For modern code, the _string_ module does have some useful constants and functions.

In [None]:
import string

In [None]:
print string.ascii_letters
print string.ascii_lowercase
print string.ascii_uppercase

In [None]:
print string.digits
print string.hexdigits
print string.octdigits

In [None]:
print string.letters
print string.lowercase
print string.uppercase

In [None]:
print string.printable
print string.punctuation
print string.whitespace

The _string_ module also provides the _Formatter_ class, which can be useful for sophisticated text formatting.

## Regular Expressions

### What is a regular expression?

Regular expressions ('regexps') are essentially a mini-language for describing string operations. Everything shown above with string methods and operators can be done with regular expressions. Most of the time, the regular expression verrsion is more concise. But not always more readable....

To use regular expressions, you have to import the 're' module.

In [None]:
import re

### A very short, whirlwind tour of regular expressions

#### Scanning

In [None]:
kaiju_truth = 'Godzilla is the King of the Monsters. Ebirah is also a monster, but looks like a giant lobster.'
re.findall('Godz', kaiju_truth)

In [None]:
print re.findall('(^.+) is the King', kaiju_truth)

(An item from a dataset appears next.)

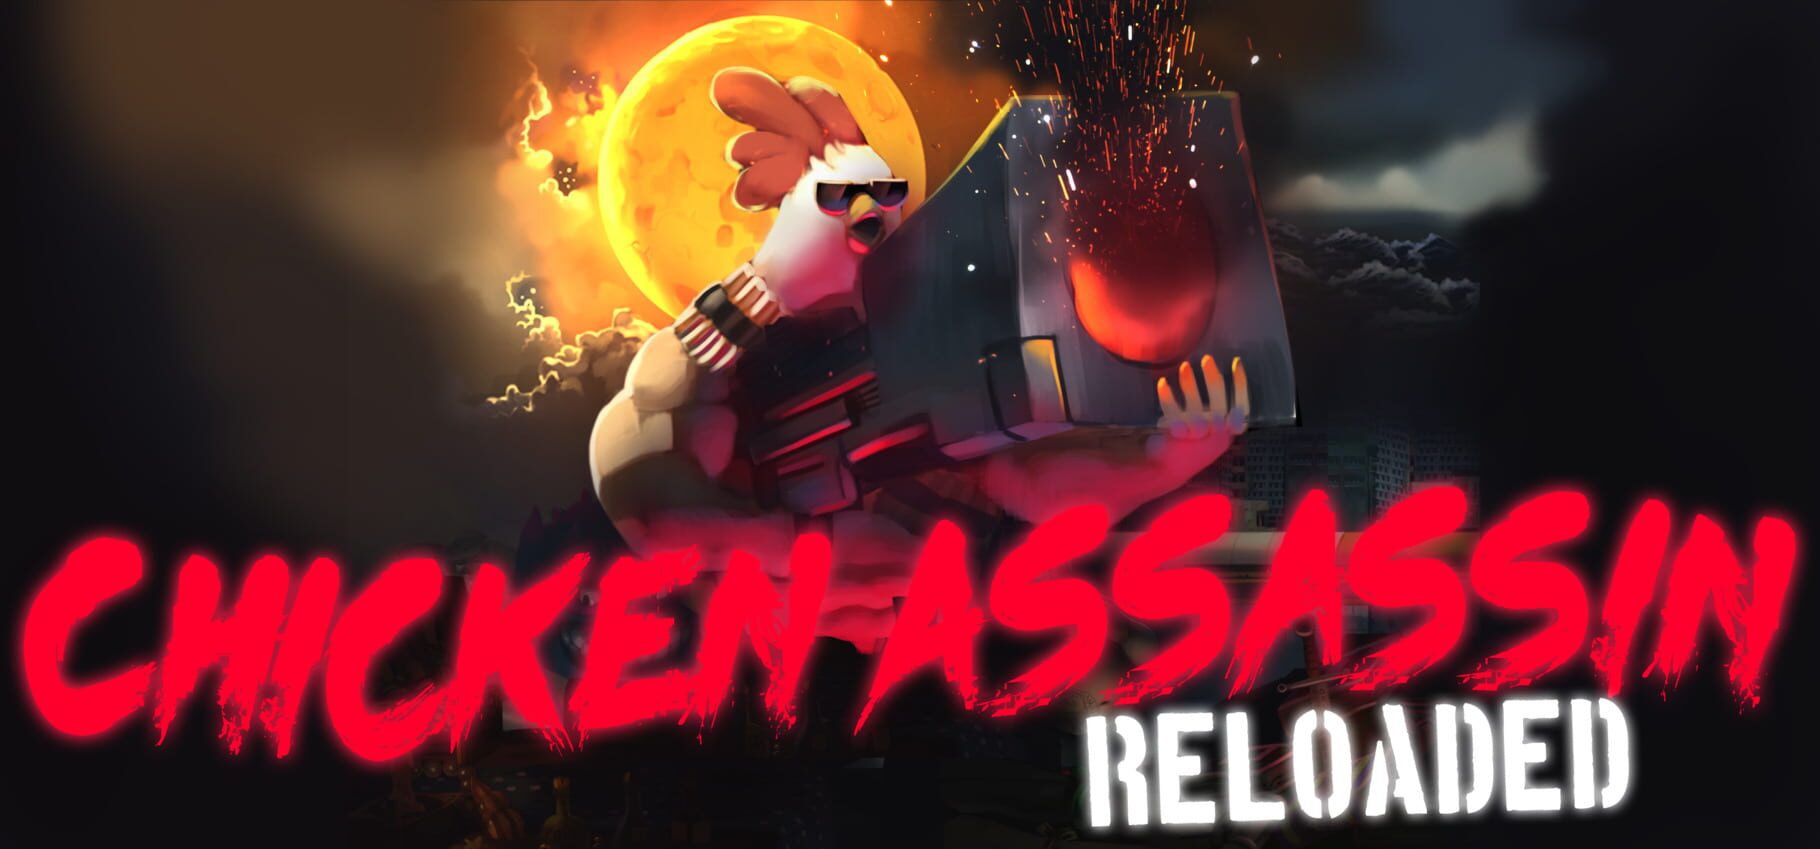 Chicken Assassin: Reloaded artwork

For simple searches like this, using in() is typically easier.
Regexps are by default case-sensitive.

In [None]:
print re.findall('\. (.+) is also', kaiju_truth)

In [None]:
print re.findall('(.+) is also a (.+)', kaiju_truth)[0]
print re.findall('\. (.+) is also a (.+),', kaiju_truth)[0]

#### Changing

In [None]:
some_kaiju = 'Godzilla, Space Godzilla, Mechagodzilla'
print re.sub('Godzilla', 'Gamera', some_kaiju)
print re.sub('(?i)Godzilla', 'Gamera', some_kaiju)

#### And so much more...

You could spend a whole day (or more) just learning about regular expressions. But they are incredibly useful and powerful, especially in the all-to-frequent drudgery of munging files from one format to another.

Regular expressions can be internally compiled for speed.